Читать комментарии… Это как злиться из-за того, что в интернете кто-то не прав. Я же не буду вступать с ним в беседу и перепалку. Для того, чтобы что-то объяснить, нужно много времени. И, мне кажется, что часто люди пишут не для того, чтобы что-то понять, а просто, чтобы написать. Есть замечательная притча: «Однажды один мудрый человек оставил свое … мнение при себе». Я никак не реагирую, потому что это не имеет ко мне никакого отношения.
Не читаю, мне это не интересно.

Многие артисты устраивают творческие вечера. Вам не хотелось бы организовать?
Я не умею. Нет, все мы были ведущими какое-то время назад. В ночных клубах, свадьбы, юбилеи, корпоративы. Мне кажется, нужно делать только то, что у тебя получается, но изо всех сил! А не то, что я еще там попробую, тут попробую… Я хотел бы делать еще какие-то вещи, которые я не умею, например, мне хочется хорошо рисовать, и чтобы мне ХОТЕЛОСЬ рисовать – потому что я хорошо рисую, но нет желания. А если неохота-не надо это делать. Я хотел бы играть на гитаре, но только хорошо играть. Но я не умею, потому что все детство я танцевал. Творческий вечер… во-первых, я не считаю, что это кому-то интересно, во-вторых, поскольку я не в театре, у меня нет багажа: отрывок из спектакля, монолог, стихотворение, «а сейчас я спою номер»…
Моноспектакль меня бы заинтересовал, но пока до этого не дошло. Было бы интересно какую-то современную пьесу поставить. Я не люблю коллективную игру, мне тяжело. В кино я могу отвечать только за свою сцену. Когда ты в спектакле — ты отвечаешь за весь спектакль, но от тебя ничего не зависит. А в моноспектакле – только ты и зритель.

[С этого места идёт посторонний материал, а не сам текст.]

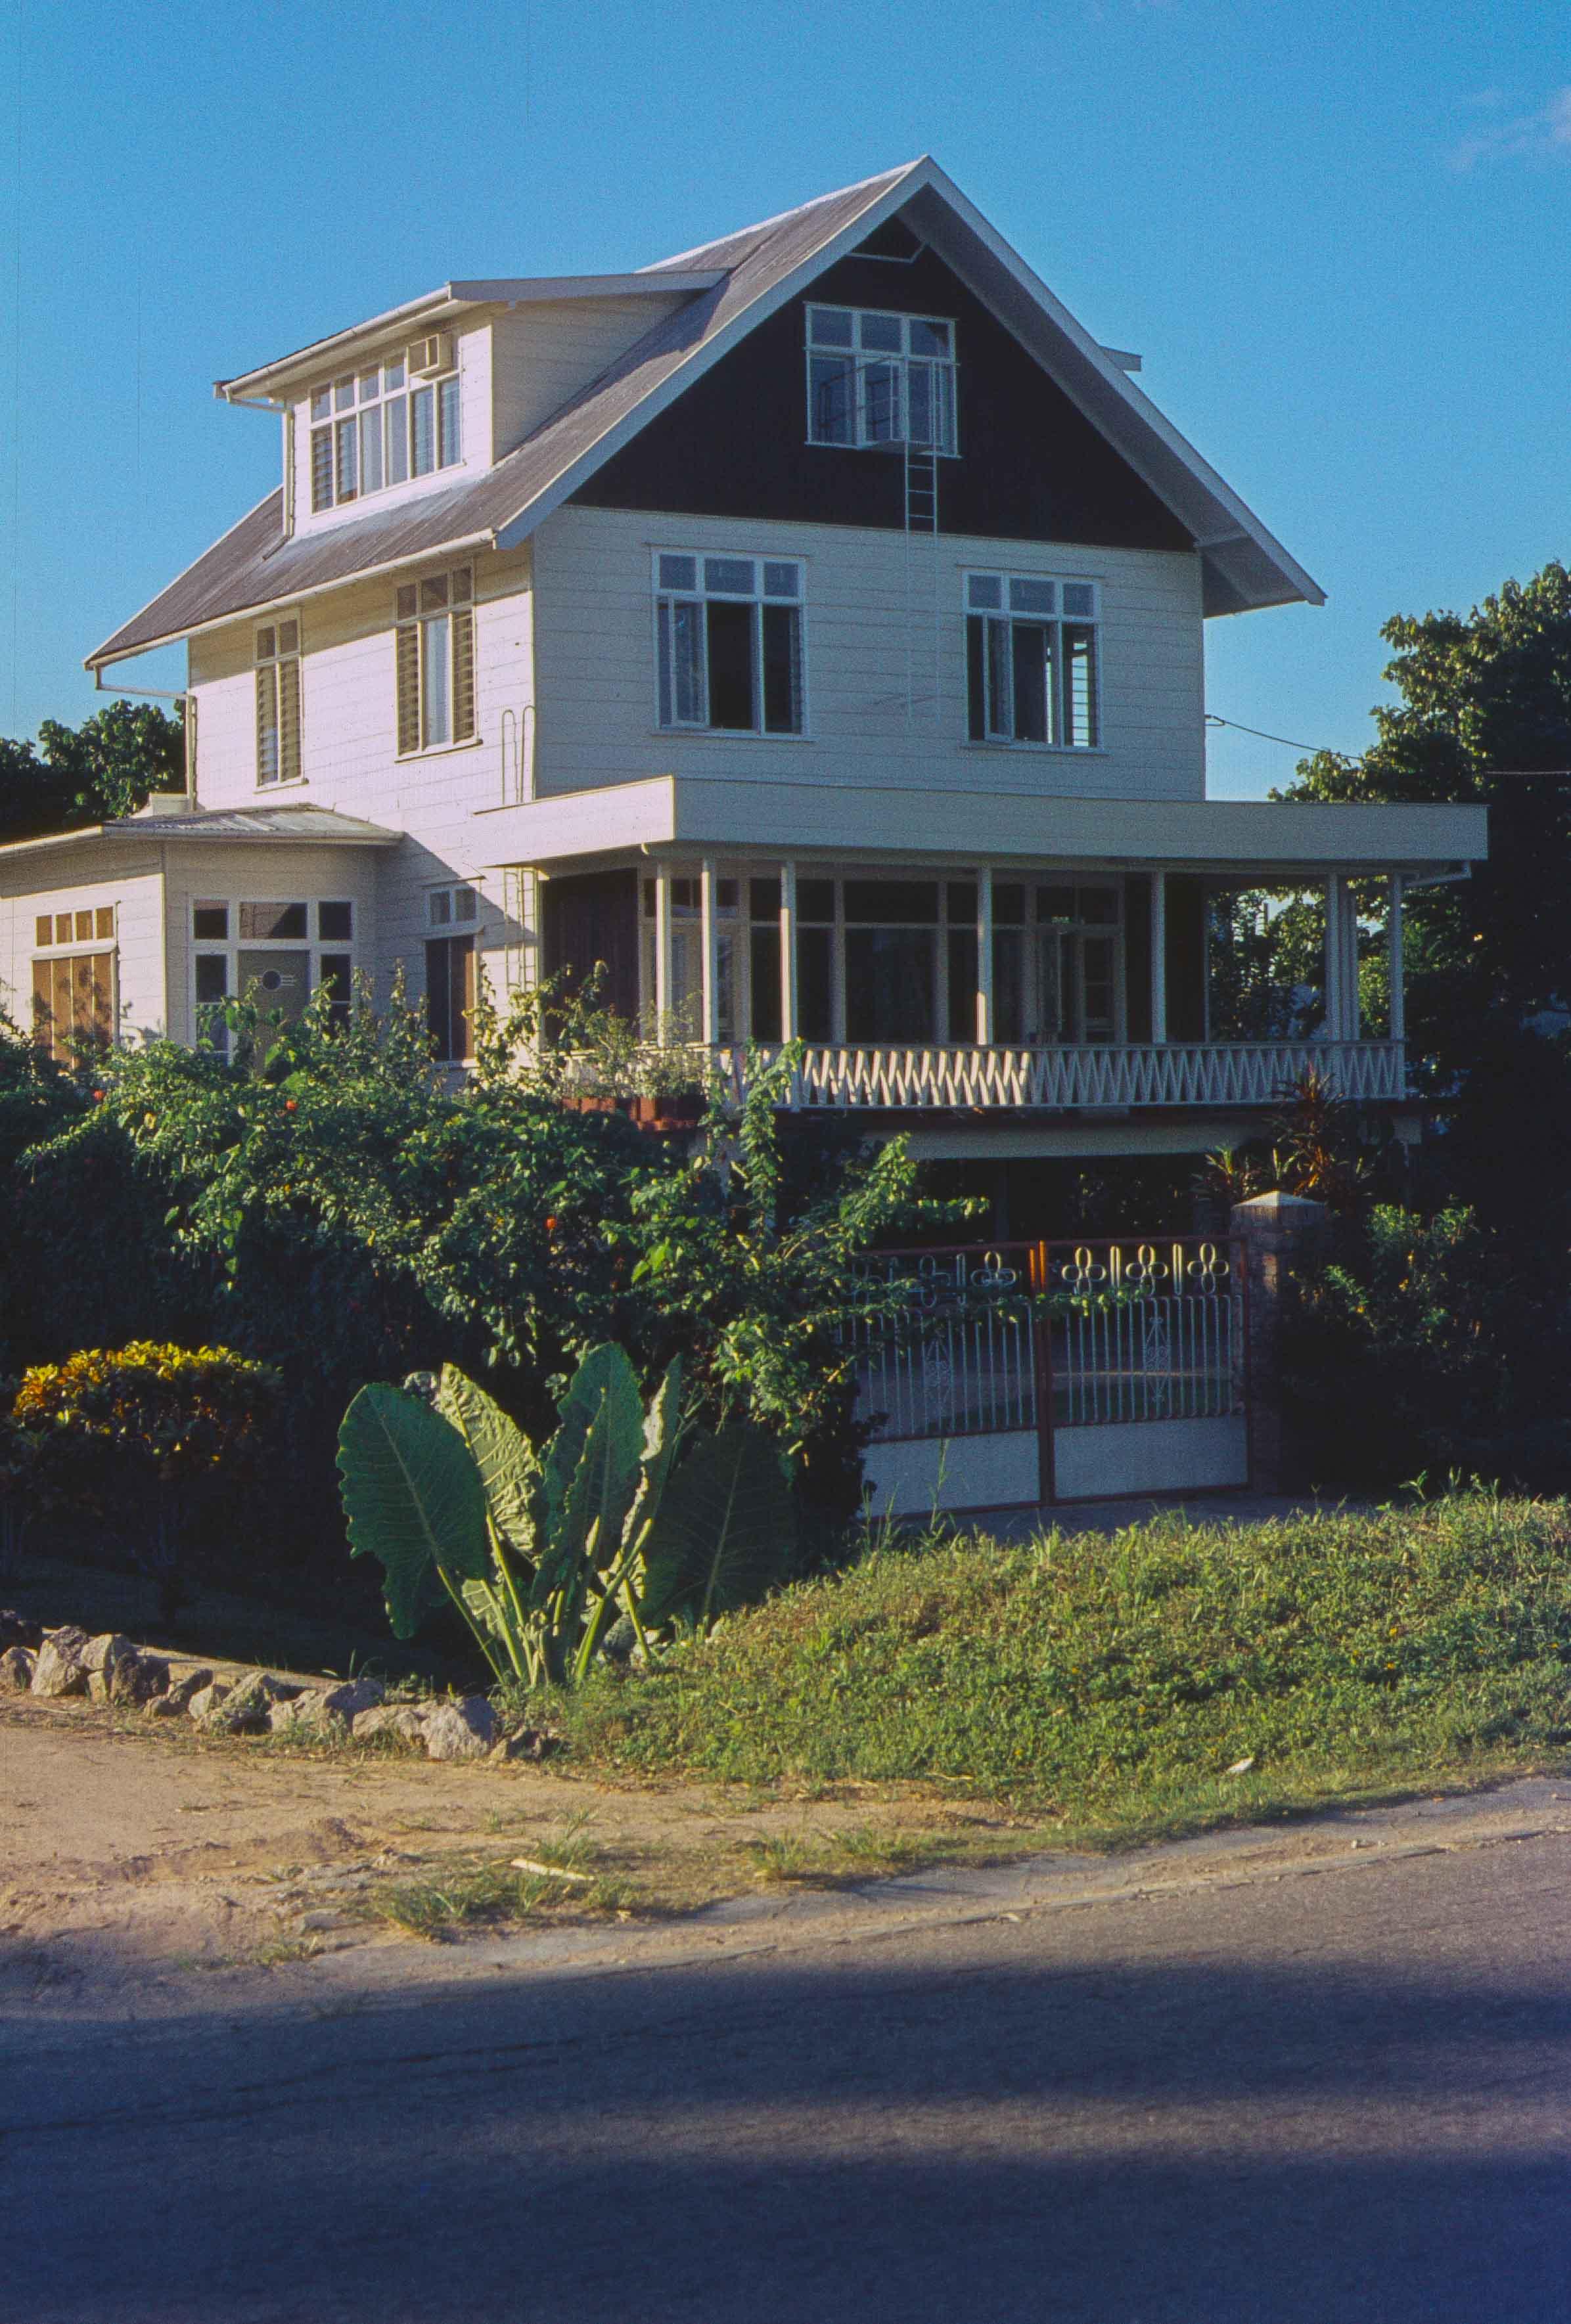 189. Suriname

Мне кажется, что наша задача – суметь вынуть зрителя из обычной жизни, ненадолго, часа на полтора, и, как с мандаринки, шкурку снять. Потом он снова будет зарастать, черстветь, но мы его снова пригласим на спектакль и шкурку снимем.
Семен Спивак говорил, что театральное искусство разбилось надвое-кому-то нужно окрылить зрителя и дать ему надежду, а кто-то стремится выдавить слезу, сделать больно, заставить что-то понять через страдание. Вы на какой стороне?
Поскольку я никогда не ищу простых путей, я на стороне тех, кто пытается окрылить. Потому что заставить человека плакать проще, чем заставить его искренне смеяться. Это может быть драма, но, выйдя из театра, тебе должно хотеться жить. Иначе грош цена такому искусству.